Practical Implications: The findings yield concrete recommendations for urban planning, sustainable transport, and eco-tourism strategy: Institutional–Technological Coordination: Shift towards government–industry–academia co-evolution models. Establish cross-jurisdictional mechanisms (e.g., tourism risk prevention, blockchain data systems) and develop integrated spatial strategies like cross-regional cultural corridors and tourism enclave economic zones, supported by fiscal incentives for core-periphery revenue sharing. Differentiated Resilience Strategies: Implement tailored approaches: (1) Industrial Hubs (e.g., Zhengzhou): Redirect capital towards eco-tourism and heritage digitization. (2) Tourism-Dependent Cities: Foster seasonal adjustment and wellness tourism partnerships. (3) Transportation Hubs: Integrate low-carbon transport and implement the “15-min tourism city” concept, ensuring scenic spot proximity to transit. Digital-Era Governance: Develop a tripartite system: (1) Spatiotemporal early warning using machine learning (e.g., migration, booking data), (2) Policy impact simulators (multi-agent models), (3) Stakeholder co-creation platforms (e.g., blockchain for participatory budgeting). Green Finance and Compensation: Leverage Public–Private Partnerships (e.g., EU CEF model) for green infrastructure (e.g., rail electrification in lagging cities) and implement ecological taxes in industrial hubs to fund urban green corridors (e.g., greenways). Global South Adaptations: Promote context-sensitive solutions like boat transit networks in archipelagos or minibus electrification in African cities, balancing cost and emissions.

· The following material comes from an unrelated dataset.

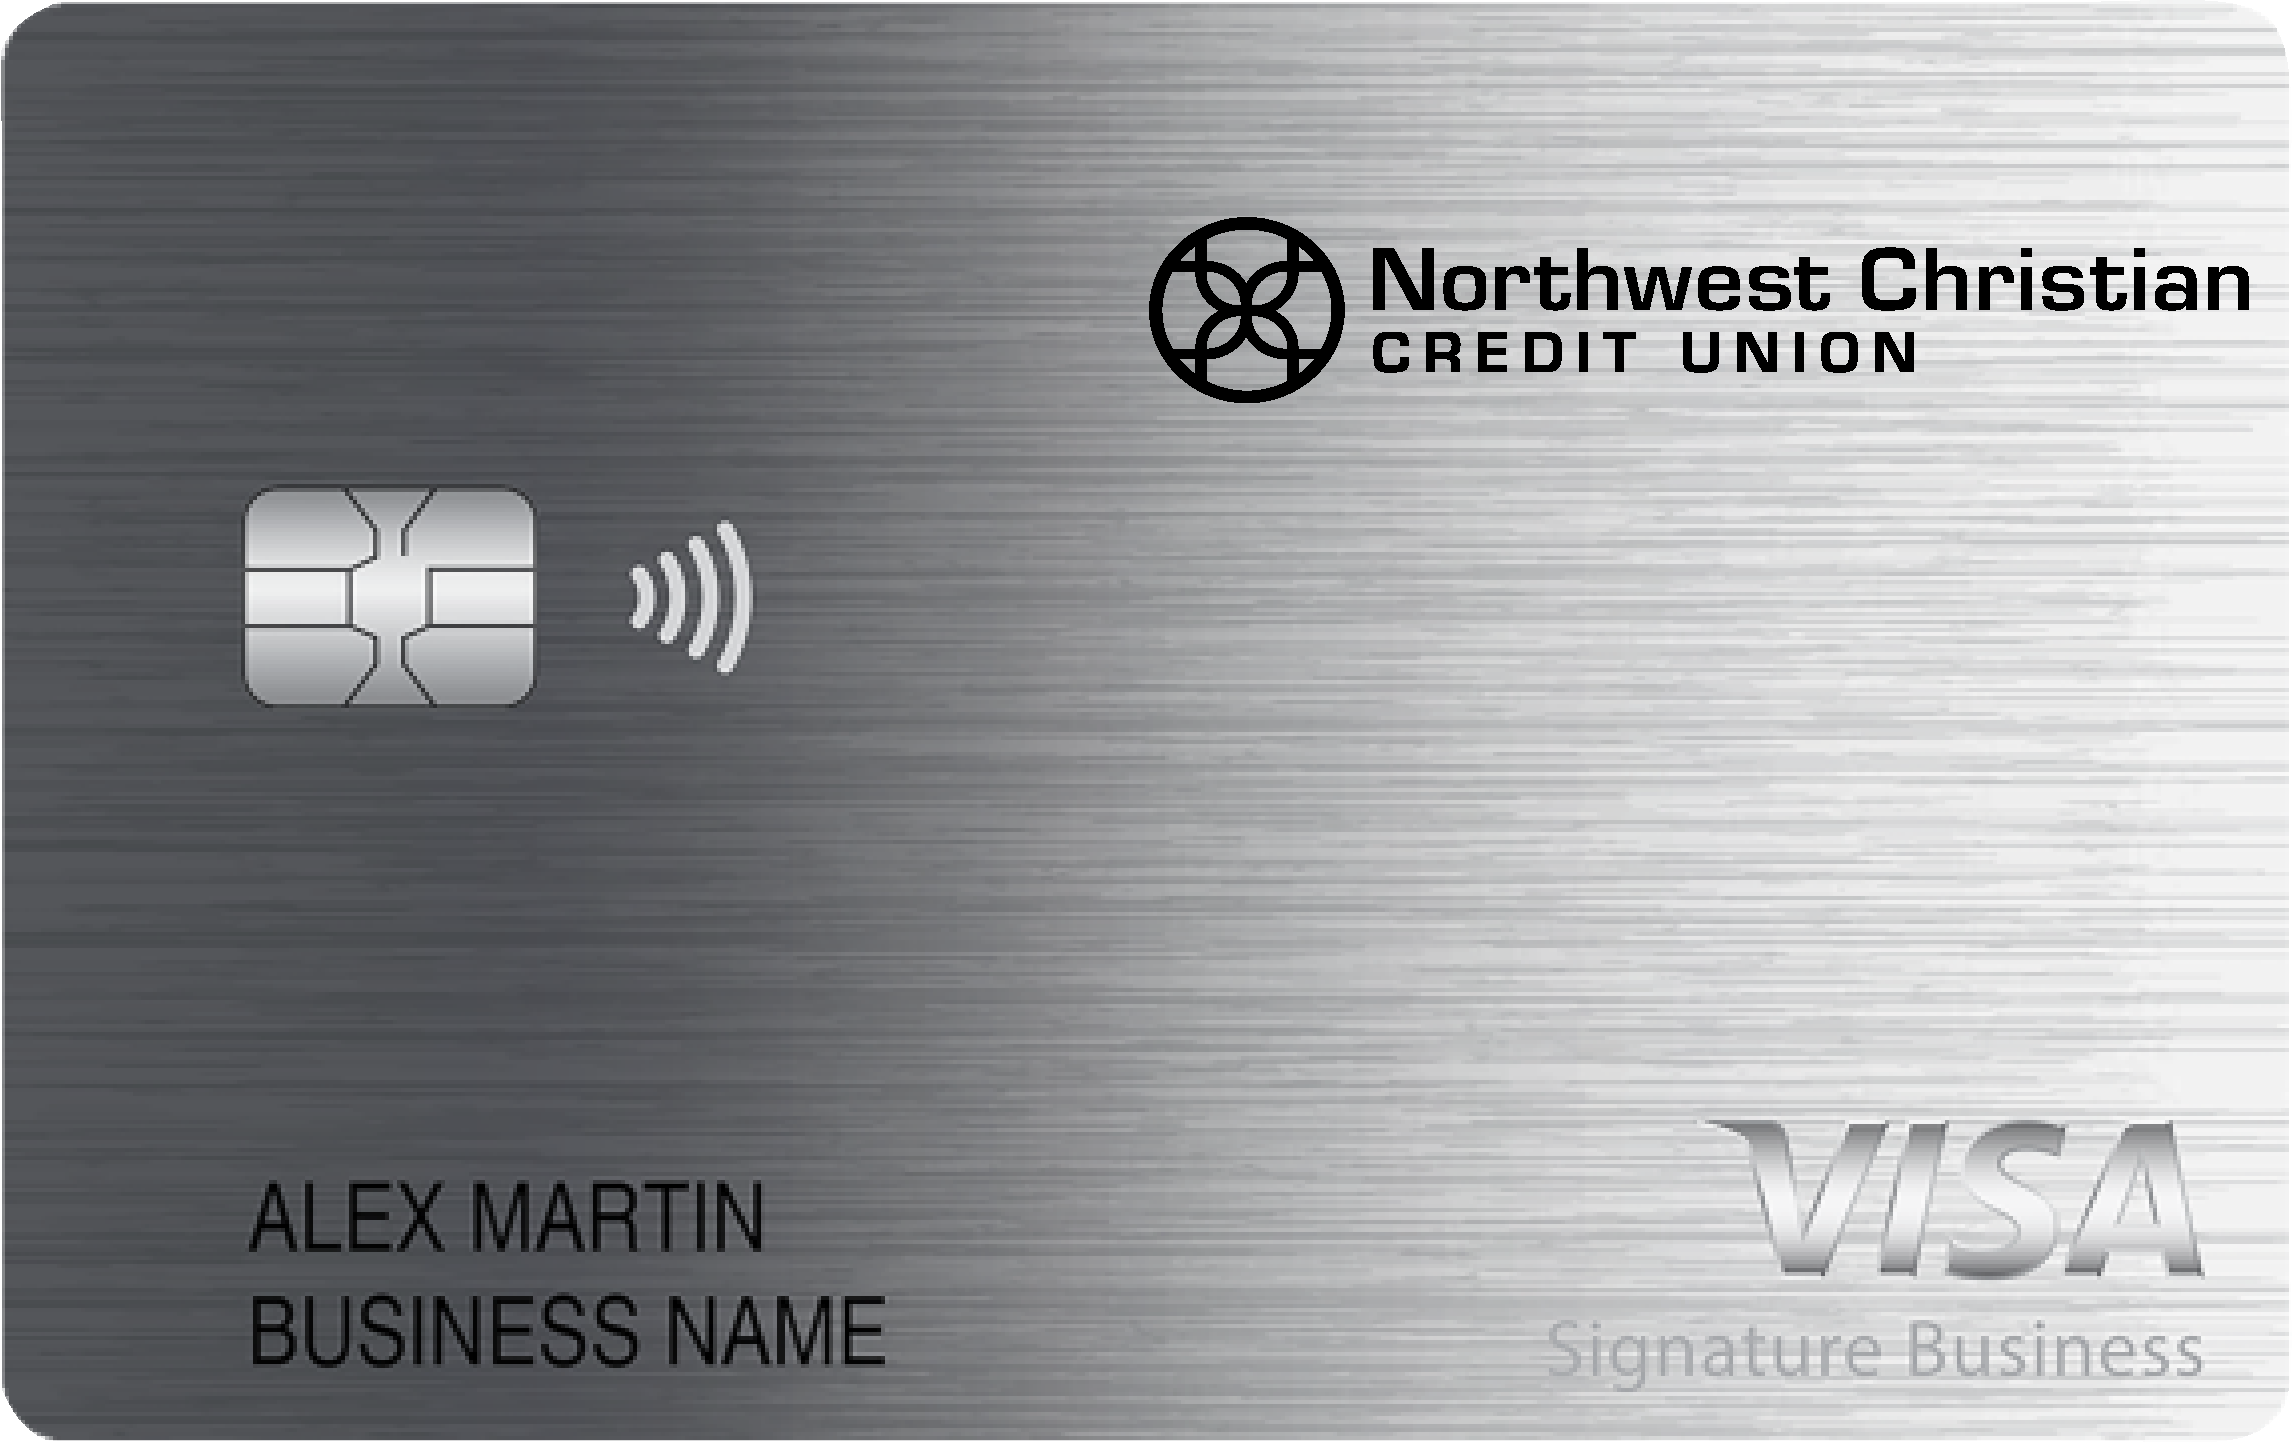 Northwest Christian Credit Union Smart Business Rewards Card

Future studies should integrate climate resilience indicators (e.g., coastal erosion metrics for Small Island Developing States—SIDS) to enhance the framework’s universality. Exploring dynamic feedback mechanisms, such as how eco-tourism revenue can fund transportation upgrades, is also critical. As cities worldwide confront overtourism and the imperative for low-carbon transitions, this study underscores the urgent need to reshape urban development pathways through a lens of fairness and multi-system coordination. The UTTES framework offers a valuable diagnostic and planning tool in this endeavor.